That's a political, not an economic stand.

Targeting groups produces antipathy and division.

Economics, like Justice should wear a blindfold. The only ignorance is this.
 
Falling gas prices would have spurred sales in a healthy economy.

This is an example of liberal writers trying to put a good face on their chosen economic polity.

If you have more money because less of it goes in the tank, then by all standard, confidence should go up and when confidence goes up, then spending goes up. Perhaps its the drop in gas prices that is the insignificant element in our current calculus...


They surely did spur sales but apparently not enough. The drop in gas spending was $1 billion dollars.

Also, lower spending on gas doesn't translate directly into more spending. The savings are also used on savings, debt repayment, etc.
 
Still, the point remains that the economy is going in the wrong direction and gas prices are but one signal of this as are declining sales.



A tax hike on anyone is not going to change this unhappy fact.
 
Why does Krugman favor increased government spending? After the collapse of the housing market and the bank and investment house failures that accompanied this collapse, consumers' spending fell. Faced with the prospect of diminished spending by consumers, investors were reluctant to invest. Unless the government acted, the economy threatened to spiral downward. Government aid programs and actions by the Fed prevented total collapse, but spending has not been sufficient. The government needs to do more. "Why is unemployment so high, and economic output so low? Because we — where by 'we' I mean consumers, businesses, and governments combined — aren't spending enough" (p. 24).

One might at first object to Krugman's argument in this way. If the government spends more but does not increase the supply of money, must it not be the case that someone else has spent less money? In this view, there cannot be an overall failure of demand. More of particular goods can be produced than people want at the price they are offered for sale, but there cannot be general overproduction.

Krugman rejects this counterposition. "This is the fallacy Keynes called 'Say's Law'" (p. 25).

What is wrong with Say's law, in brief, is that money need not be either spent or invested.
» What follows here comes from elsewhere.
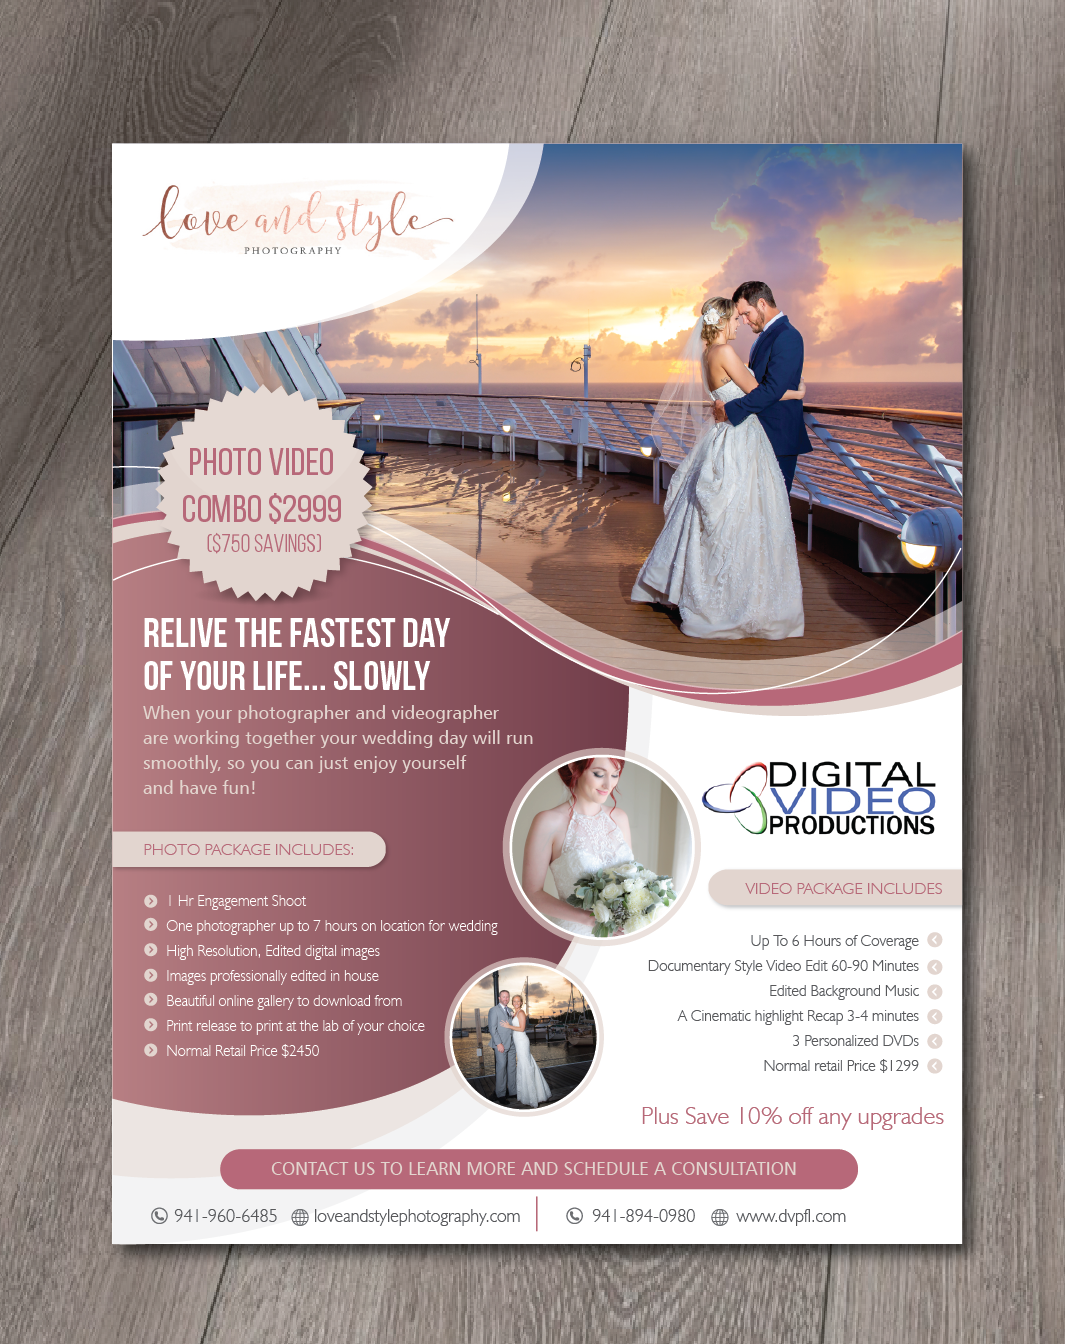 Feminine Elegant Wedding Photography Flyer Design For Dvp Llc By Alex989 Design 21219920

People can hoard money; and, if they do so, a failure in total demand can indeed result. Surprisingly, he does not offer a detailed account of how hoarding produces this failure in total demand. "You can write down a little mathematical model to illustrate the issues, but this works only with economists, not with normal human beings (and it doesn't even work with some economists)" (p. 26). Instead, he supports his criticism of Say's law with a story that he has already used in his The Return of Depression Economics. The story is about a babysitting cooperative, the members of which find themselves at cross-purposes.
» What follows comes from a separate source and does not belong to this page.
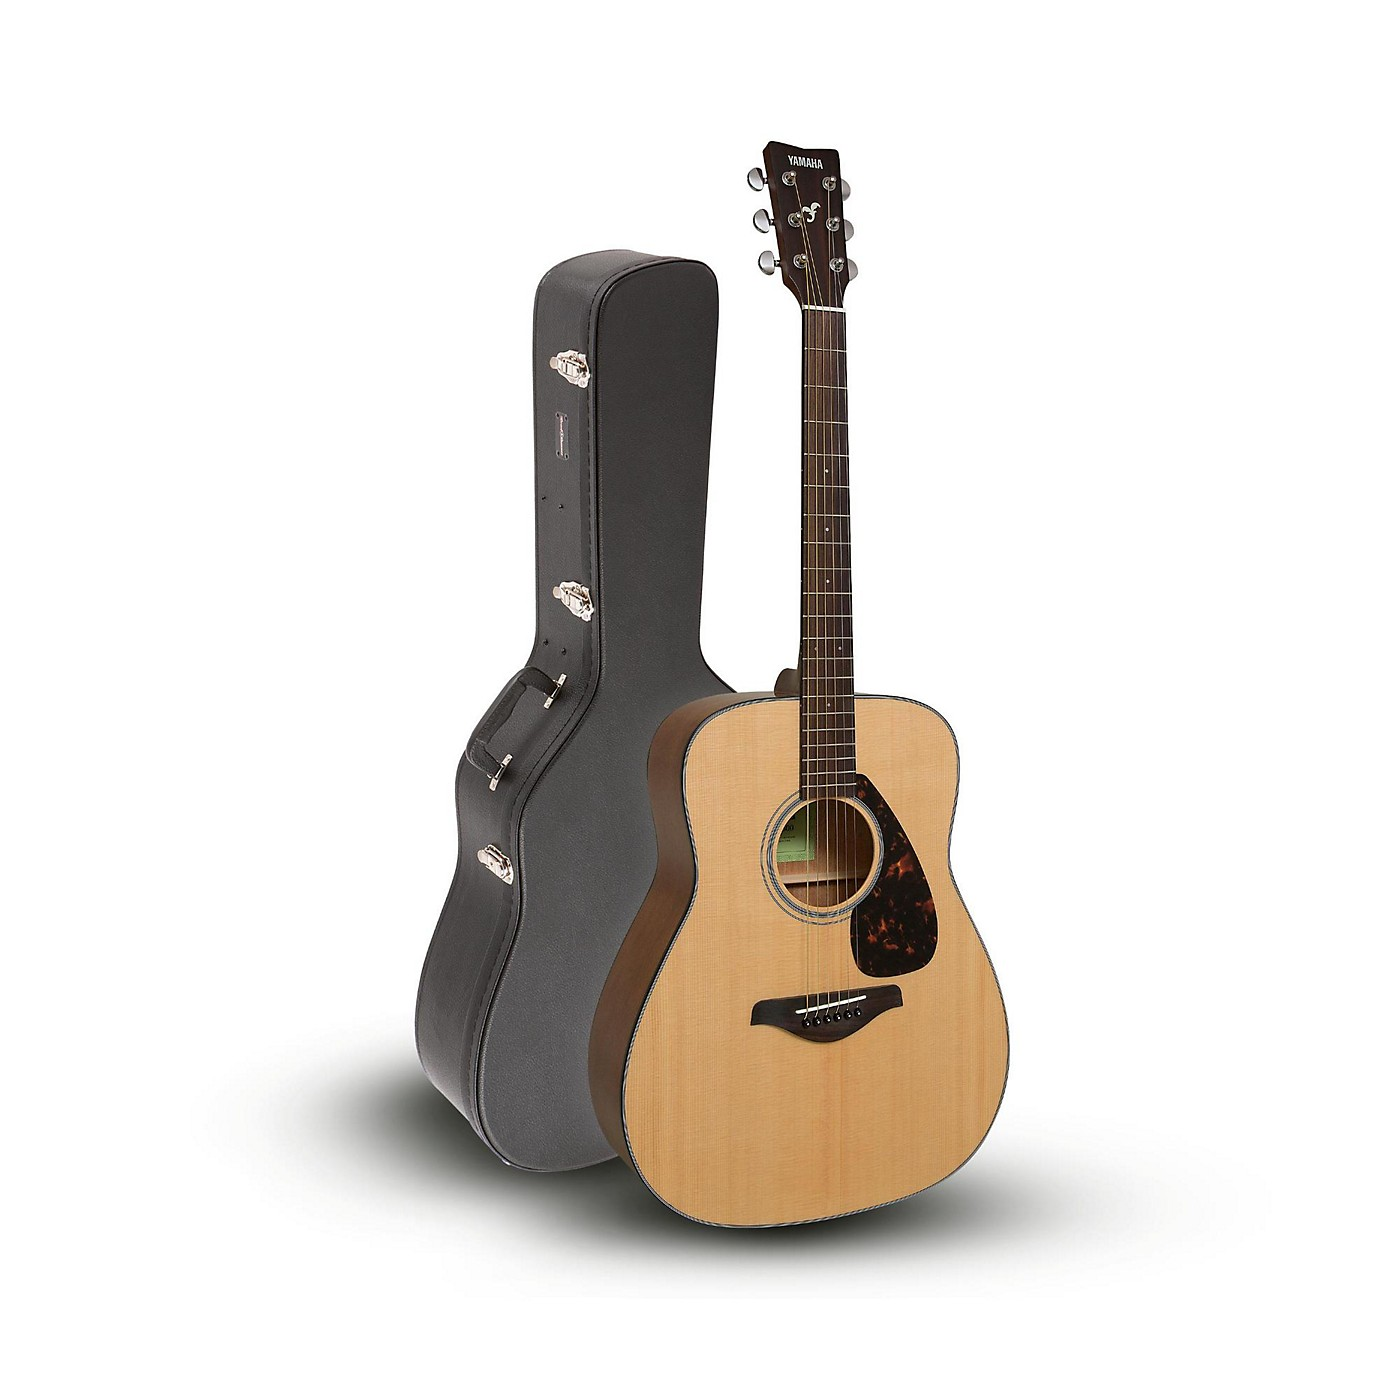 Yamaha FG800 Folk Acoustic Guitar Natural with Road Runner RRDWA  Case thumbnail

I do not propose to rehearse here the details of Krugman's babysitting example and its relevance to the case of economic depression.[1] Let us instead look at the Keynesian analysis directly. Does it rest on plausible assumptions? What evidence supports it?

It will come as no surprise to readers that the Keynesian account strikes me as unpersuasive. For one thing, as Krugman himself acknowledges, the depression starts with the collapse of particular markets such as housing. If this is so, why are investors supposed to fear a general fall in future consumer demand? Is not the problem rather that there has been malinvestment in specific areas? The solution would then be to shift resources away from these areas into others. So long as this is done, why would businessmen refuse to invest?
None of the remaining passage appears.